Ristorante 1978 – Roma

Di ritorno da un evento a Firenze ho deciso di allungare e di andare a mangiare al Ristorante 1978 di Valerio Braschi a Roma.

Sono onesto, sono partito abbastanza prevenuto soprattutto per via dei suoi exploit su carbonara liquida, lasagna in tubetto e pizza marinara in bustina.

Attenzione, non perché abbia osato toccare dei piatti iconici della gastronomia italica, del che non me ne cale né tanto né poco, ma per via del (verosimilmente cercato) circo mediatico legato a tali rivisitazioni.

Contrariamente alle aspettative ho trovato una cucina molto interessante e ben fatta, con piacevoli richiami, da un lato, alla tradizione casalinga (ragù della nonna Elsa) e, dall’altro, con un occhio verso l’innovazione spinta e verso l’estero.

Mi hanno impressionato molto positivamente, anche se non attaccato alla sedia, la tom yam (profumatissima zuppa thailandese), i cappelletti di patate, coniglio e tartufo nero (raro il coniglio nel fine dining) e, infine, la rana pescatrice con rubia gallega e senape rossa.
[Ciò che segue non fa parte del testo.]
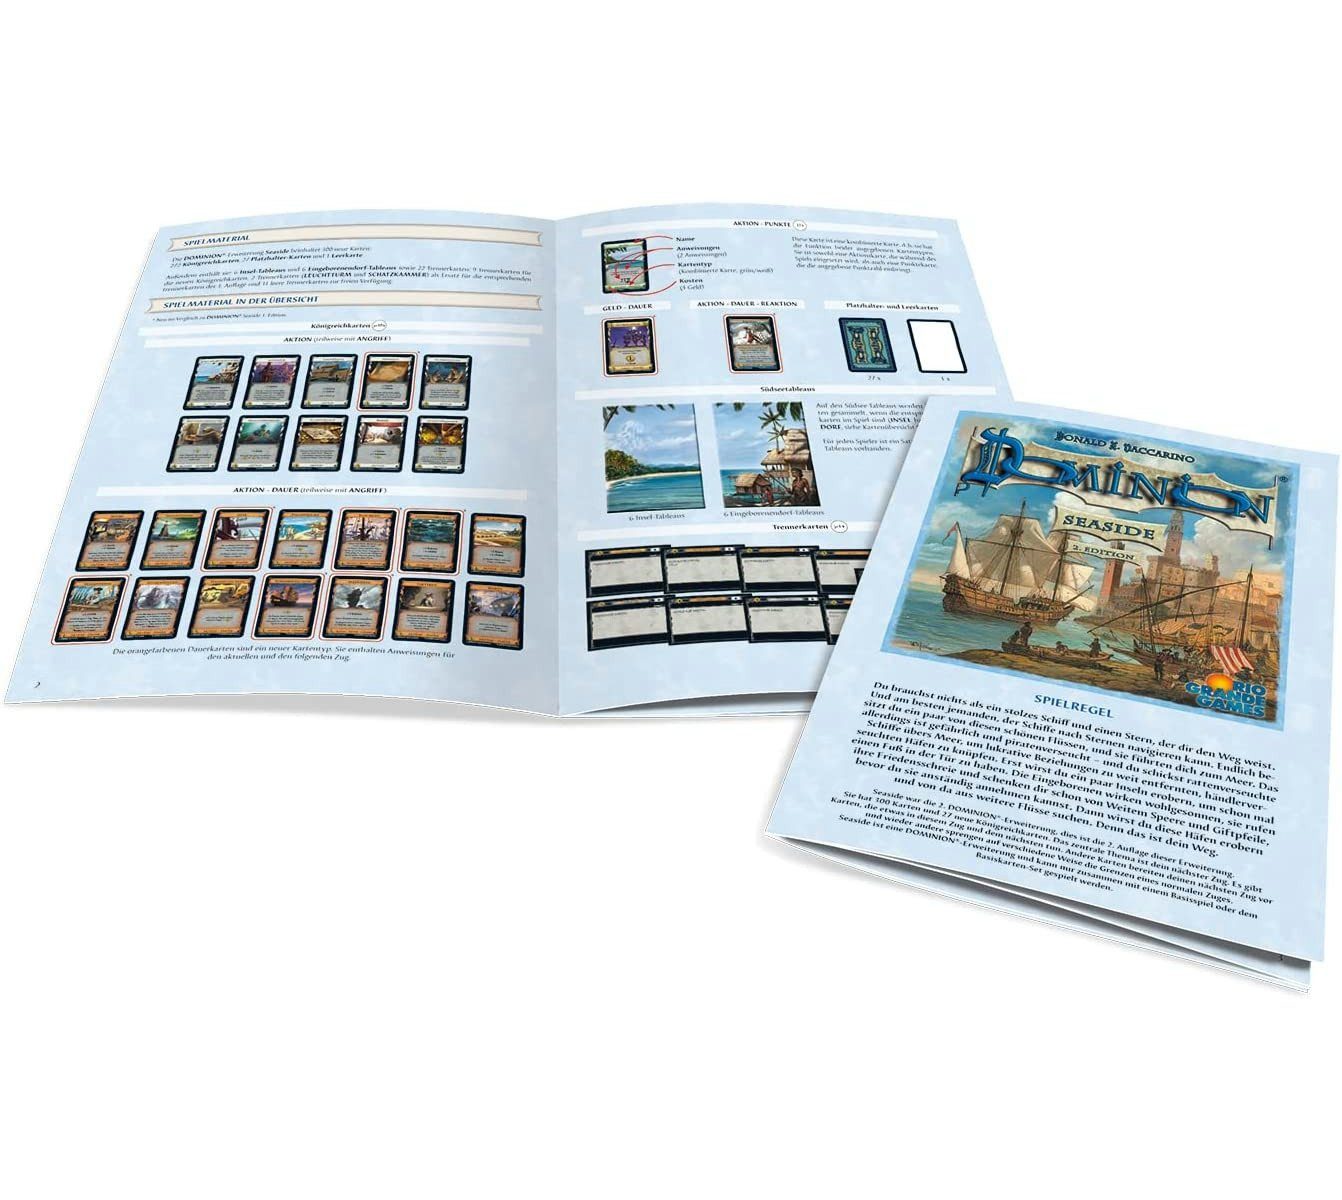 RGG Dominion Rio Grande - Spiel, Erweiterung (2. Pegasus Spiele Games - Edition) Seaside Brettspiel

Quest’ultimo piatto merita una menzione.
Confesso di non essere un grande amante degli strafanicci tecnologici quali il sonicatore (Daniel Facen all’ A’Anteprima era un indiscusso maestro di tale aggeggio), ma grazie appunto all’uso del sonicatore, lo Chef ha ottenuto (semplificando molto) una specie di fondo con il grasso della rubia gallega che riusciva a conferire al piatto il tipico ed inconfondibile profumo del grasso che si scioglie sulla brace.

Al palato arrivava dritta l’opulenza, l’untiosità e l’aroma del grasso che, lungi dall’essere troppo invadente, unito alla soda carnosità della rana pescatrice, dava la sensazione di addentare un bel pezzo di ciccia.
Alla senape rossa il ruolo di riportare il palato ad un livello di grassezza che non sfociasse nell’eccesso.

Due note appunti: uno tecnico e uno concettuale.

Il primo è che ho trovato quasi tutti i piatti con un punto di sapidità particolarmente alto, soprattutto nell’indivia col piccione e nel coniglio che accompagnava i cappelletti.

Il secondo, ma è questione di gusti, ho trovato i dolci un pochino ruffiani rispetto al resto del pasto: partendo dalla premessa che erano molto ben fatti, dal punto di vista concettuale, soprattutto a mente di un menù che spinge parecchio sui contrasti e sui sapori netti, mi sarei aspettato una chiusura un pochino più “intraprendente”, quasi col botto.